Monday, July 24, 2017

Optimization and C

Starting this next game in C, I've known there will be places where C isn't fast enough, and I'd have to drop to assembly to optimize things.  Particularly because the 6502 processor really isn't a suitable target for C.  There's just too large a gap between how C structures things and how the 6502 needs things to be done.

Well, this week I decided to see how long my background updating routine takes.  The easiest way to see how long a long-running routine takes on the NES is to play with the color/bw register.  You can set a frame to render in B&W, and when the routine finishes, change the register to color.  The screen will switch partway through the frame, and you can see by where the color starts how much of your frame's computation time you've used.

In this example picture, you can see that the routine being checked runs from the beginning of rendering, to somewhere around 10% of the screen height.  So it's taking up somewhere in the general order of 10% of the total processing time available.

Well, my background updating routine (which renders a new slice of background just offscreen to prepare for scrolling) was taking somewhere around 40% of my total time.  It was horrible.  After playing around, it turns out that this loop was the culprit:

    while (temp > 0) {  //temp is just a counter of how many times to do this
        cj = *tempPtr2;  //get the current metatile into cj
        slicePtr = (u8*) metatile_ptr[ci]; //figure out which slice array to use
        ci += 4;
        if (ci == 16) {    //if we've finished a tile, go to the next one down
            ci = 0;
            tempPtr2 += yIncrement;

It's not important to get into the details of exactly what this loop is doing, but a few things ended up being problematic:

1.  I look up slicePtr each time through the loop, although if you pay attention, it turns out there are only 4 different values it can be.  Pulling those out of the loop gained me about 5%.  

2. More importantly, and this is where C starts to fall apart, getting a value by index into an array can be super-slow if the array isn't contant. (ie if it's a non-constant pointer pointing at an array of data).  This is because the 6502 only allows indirect indexed addressing from zero page.  And what exactly does that nonsense mean?  The 6502 has a single special page of memory, the "zero page" that's, well, special.  To do a pointer-based lookup, you first have to copy the pointer to the zero page, then do an index from that.  So for a single slicePtr[cj] lookup, it's something like:
lda slicePtr
sta tempPtr
lda slicePtr+1
sta tempPtr+1
ldy cj       
lda (slicePtr),y

That's 21 clock cycles, if I haven't forgotten all my instruction timings in the months since making an Atari game.

So to improve this, I allocated space on the zero page for 4 pointers, and not only pulled them out of the loop (like I was talking about in step 1), but dropped to inline assembly, and saved them on the zero page once, so I wouldn't have to jump through those hoops every time.   This ended up being a huge savings in time.

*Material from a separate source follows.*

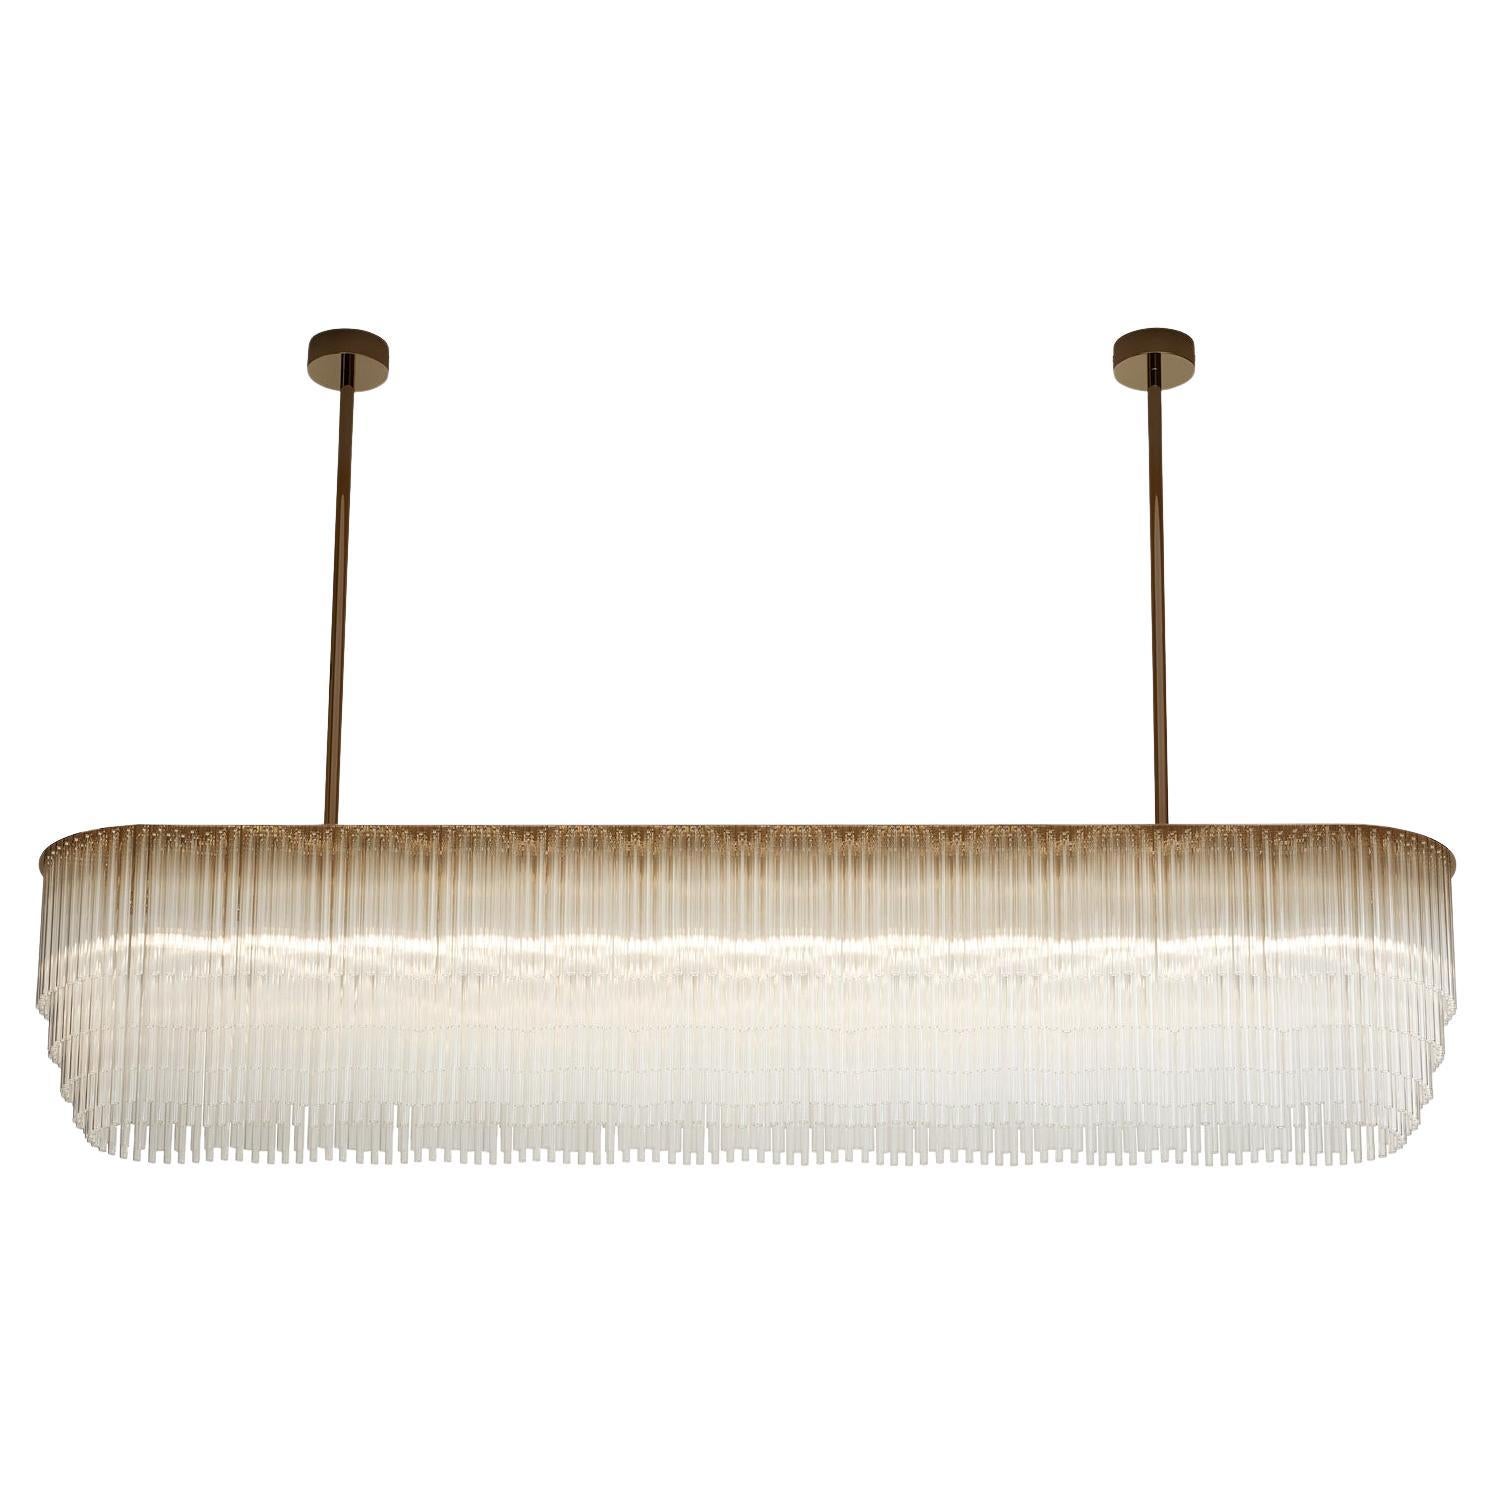 Linear Chandelier 1261mm / 25.75" in Brass-based Bronze and Tiered Glass Profile

3. By this point, I figured I had optimized it that far, I might as well go further, and unroll the loop a little, and do most of the computation in inline assembly:

    tempPtrA = (u8*)metatile_ptr[ci];
    ci += 4;
    tempPtrB = (u8*)metatile_ptr[ci];
    ci += 4;
    tempPtrC = (u8*)metatile_ptr[ci];
    ci += 4;
    tempPtrD = (u8*)metatile_ptr[ci];

    while (temp >= 4) {  //temp is just a counter of how many times to do this
        cj = *tempPtr2;  //get the current metatile into cj
        __asm__("ldx %v", vram_buffer_current);
        __asm__("ldy %v", cj);
        __asm__("lda (%v),y", tempPtrA);
        __asm__("sta %v,x", vram_buffer);

        __asm__("ldy %v", cj);
        __asm__("lda (%v),y", tempPtrB);
        __asm__("sta %v,x", vram_buffer);

        __asm__("ldy %v", cj);
        __asm__("lda (%v),y", tempPtrC);
        __asm__("sta %v,x", vram_buffer);

        __asm__("ldy %v", cj);
        __asm__("lda (%v),y", tempPtrD);
        __asm__("sta %v,x", vram_buffer);

        __asm__("stx %v", vram_buffer_current);

        tempPtr2 += yIncrement;
        temp = temp - 4;

It's certainly a bit uglier, but it went from the whole routine being somewhere around 40% of my frame time, to about 10%.   I'll take that optimization.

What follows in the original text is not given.